В солдатских рядах, с винтовкой на плече, мерно качаясь под звуки песни, идут Павлик и Ника Полежаевы, а рядом с ними на месте отделенного начальника Ермолов. Обветренные исхудалые лица полны решимости, и глаза смотрят смело и гордо. Не у всей роты высокие сапоги, многие офицеры-солдаты идут в обмотках, у многих разорвались головки и ноги обернуты тряпками. Бедно одет полк, но чисто. Каждая пряжка лежит на месте, а отсутствие однообразия обмундирования восполняется однообразием выправки, шага и одинаковым одушевлением молодых лиц.

Это все или старые кадровые офицеры, за плечами которых семь лет муштры кадетского корпуса и два года военного училища, или кадеты, или юнкера. Если и попадется в их рядах вчерашний студент, то и он уже принял выправку, он уже подтянулся и на весь воинский обиход, включая и смерть, и раны, смотрит такими же простыми ясными глазами, как юнкера и кадеты.

Издали, сзади колонны, показался русский флаг, значок главнокомандующего. На легком соловом коне сидел загорелый, исхудалый человек с темными восторженными глазами. Сзади него на некрупной казачьей лошади в серой, по-кабардински сдавленной спереди, широкой папахе, устало опустившись в седло, ехал полный генерал с седыми волосами, черными бровями и усами над маленькой седеющей бородкой.

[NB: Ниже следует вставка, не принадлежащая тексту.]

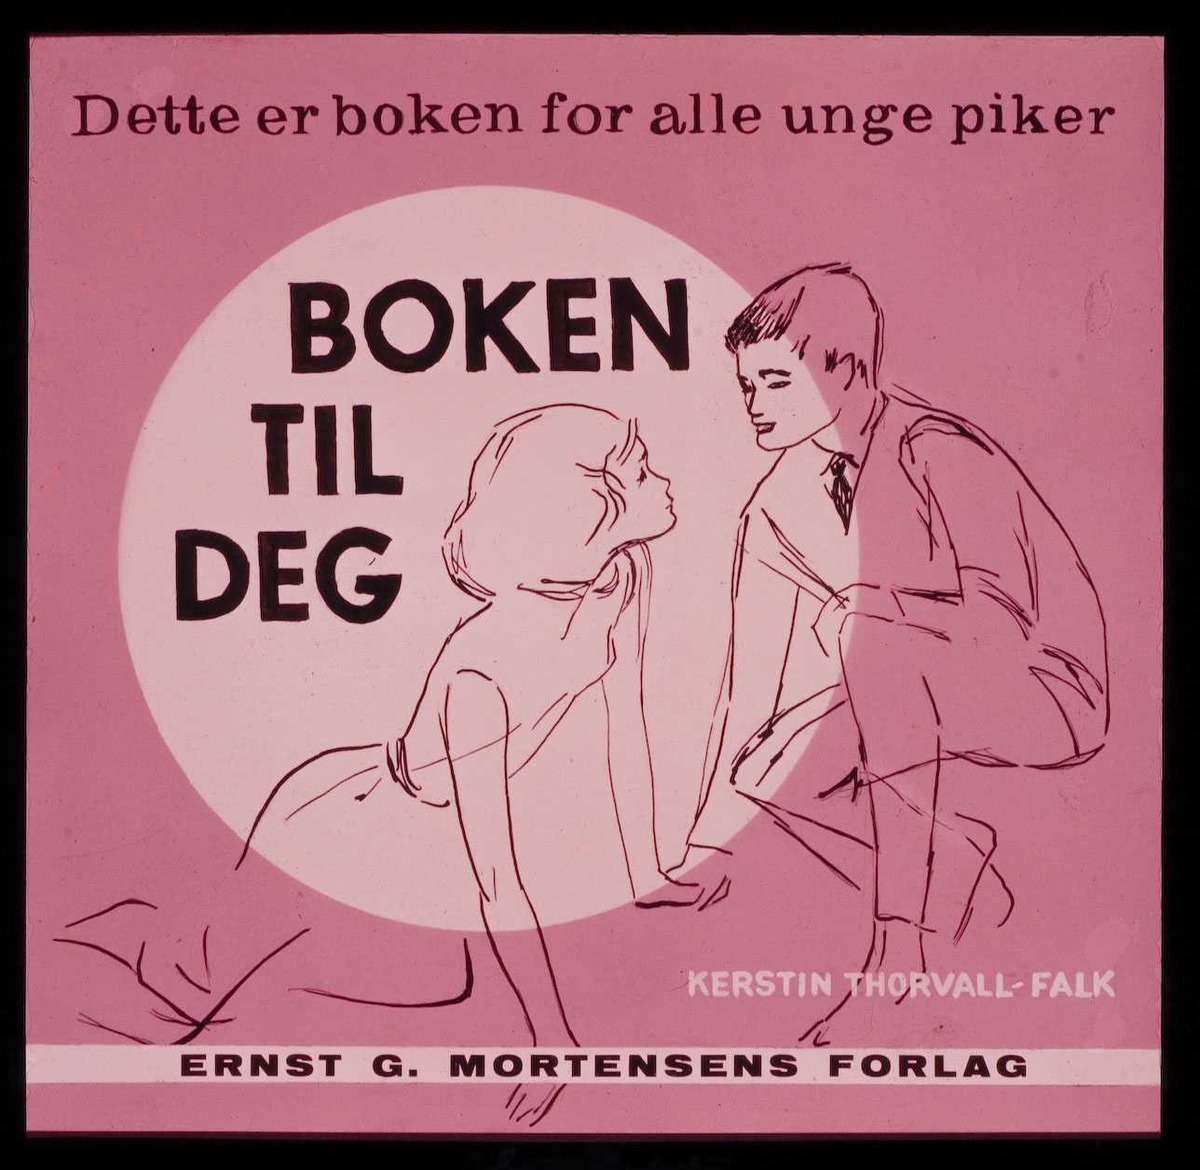 Kinoreklame fra Ski. Boken til deg. Dette er boken for alle unge piker fra Ernst G. Mortensens Forlag.

Он лениво смотрел по сторонам, и изредка гримаса досады прорезывала его красивое бледное лицо. Это был Деникин, правая рука Корнилова по организации армии и кумир офицерской молодежи после страстной горячей речи в защиту офицеров и армии, смело сказанной им на офицерском съезде. Полный человек в коротком штатском пальто, со щеками, густо заросшими седою щетиною, и с темными блестящими глазами ехал в свите Корнилова — это был генерал Лукомский… Живописная красивая фигура молодца-текинца офицера, ординарца Корнилова, в пестром халате с тюрбаном-чалмою на голове резко выделялась среди серых шинелей. Прямой, застывший в неподвижной позе генерал Романовский и рядом ласково улыбающийся с белым, как у монаха, лицом и резко оттененными черными усами и волосами, полнеющий, несмотря на лишения похода, ехал генерал Богаевский, брат донского Златоуста Митрофана Петровича, семь месяцев чаровавшего Донской Круг и Правительство красивыми певучими речами. Несколько офицеров на разномастных конях, полусотня донского офицерского конвоя и несколько текинцев красивой группой сопровождали Корнилова.

Они ехали куда-то вперед свободною, просторною рысью, прямо по степи, поросшей бурьянами, и их движение в солнечных лучах, легкое, стремительное звало и полки вперед. Невольно все головы Корниловского полка повернулись туда, где ехал Корнилов со свитой, и молодые глаза заблестели восторгом.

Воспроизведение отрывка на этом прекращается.